● WHAT IS NEEDED: Restate every line of the material below word for word, skipping the images.

● DATA PROVIDED:

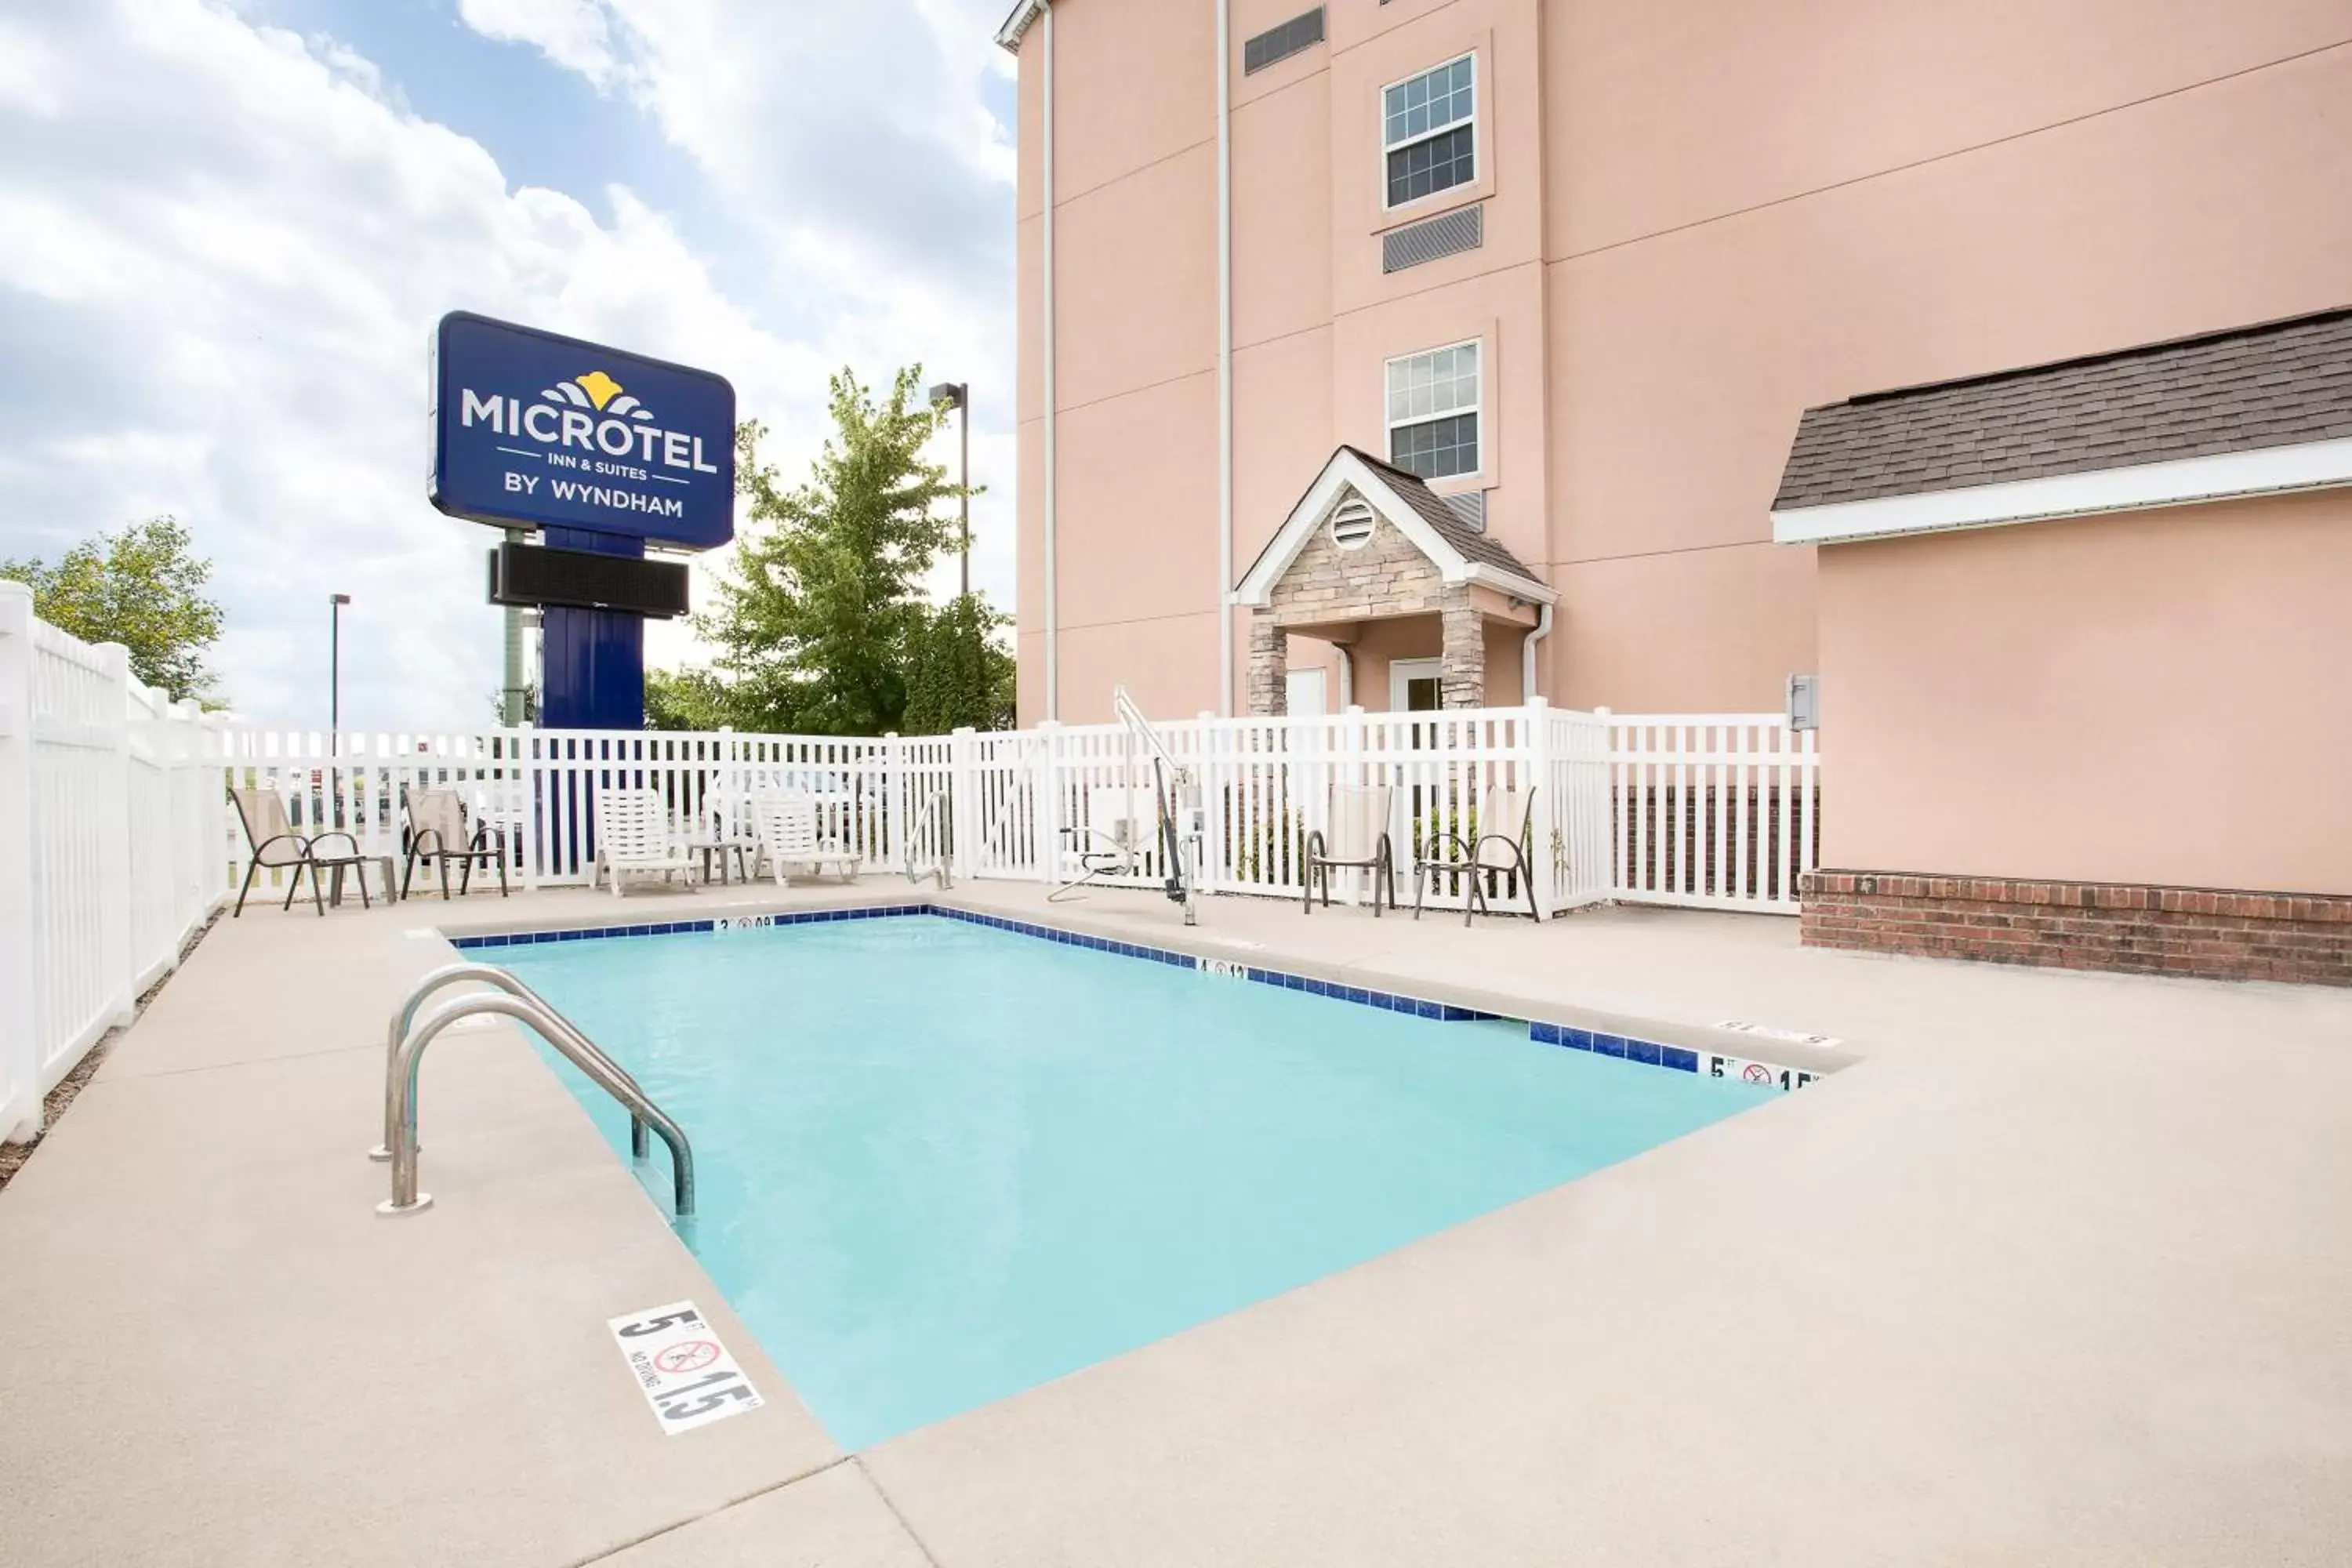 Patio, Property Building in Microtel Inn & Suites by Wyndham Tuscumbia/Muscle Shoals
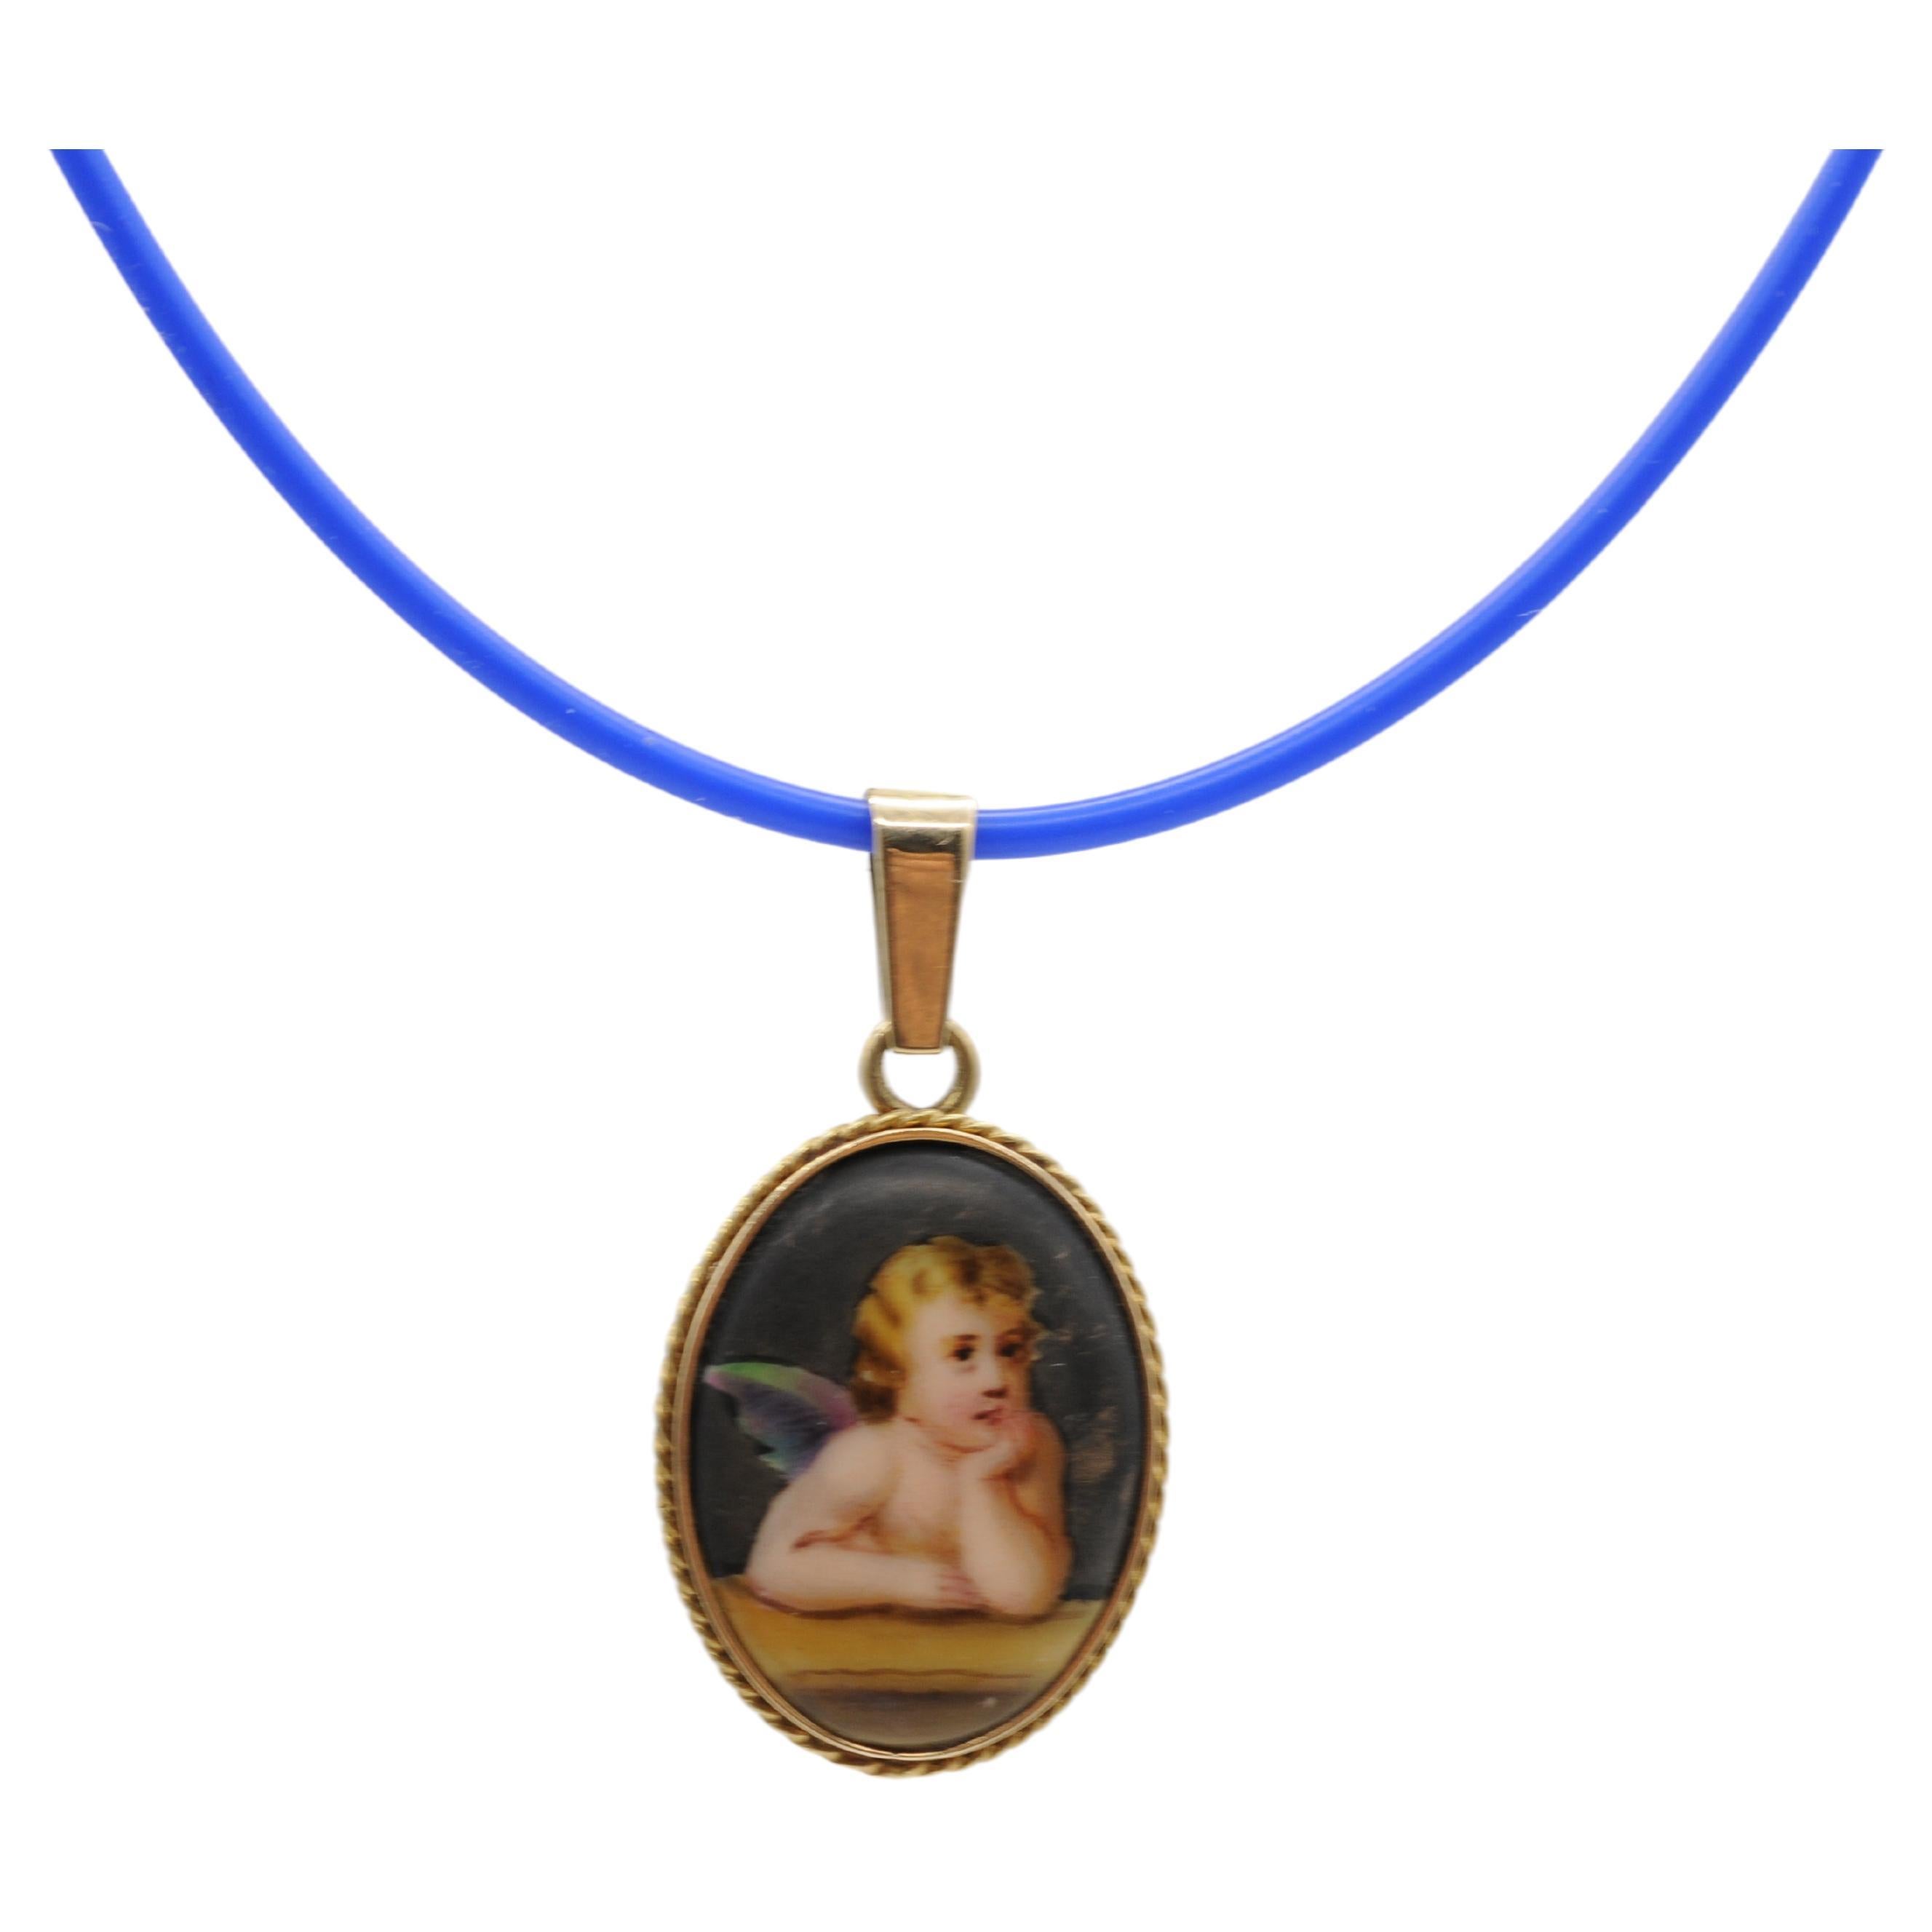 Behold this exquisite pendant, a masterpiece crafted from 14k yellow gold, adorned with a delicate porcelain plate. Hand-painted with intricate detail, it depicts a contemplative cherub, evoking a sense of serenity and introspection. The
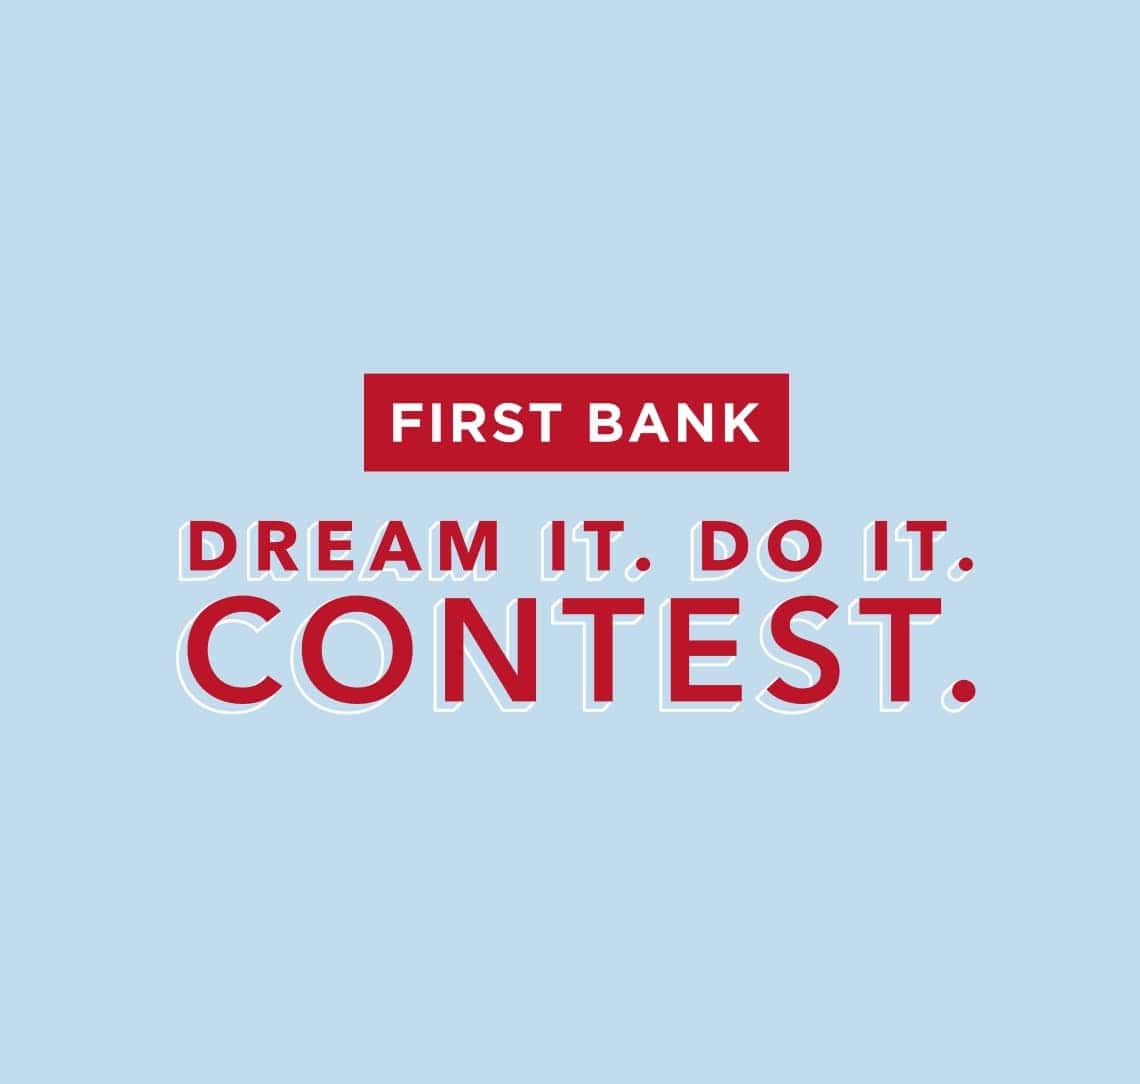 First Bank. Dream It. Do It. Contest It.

● YOUR SOLUTION:
 Patio, Property Building in Microtel Inn & Suites by Wyndham Tuscumbia/Muscle Shoals
 Behold this exquisite pendant, a masterpiece crafted from 14k yellow gold, adorned with a delicate porcelain plate. Hand-painted with intricate detail, it depicts a contemplative cherub, evoking a sense of serenity and introspection. The
 First Bank. Dream It. Do It. Contest It.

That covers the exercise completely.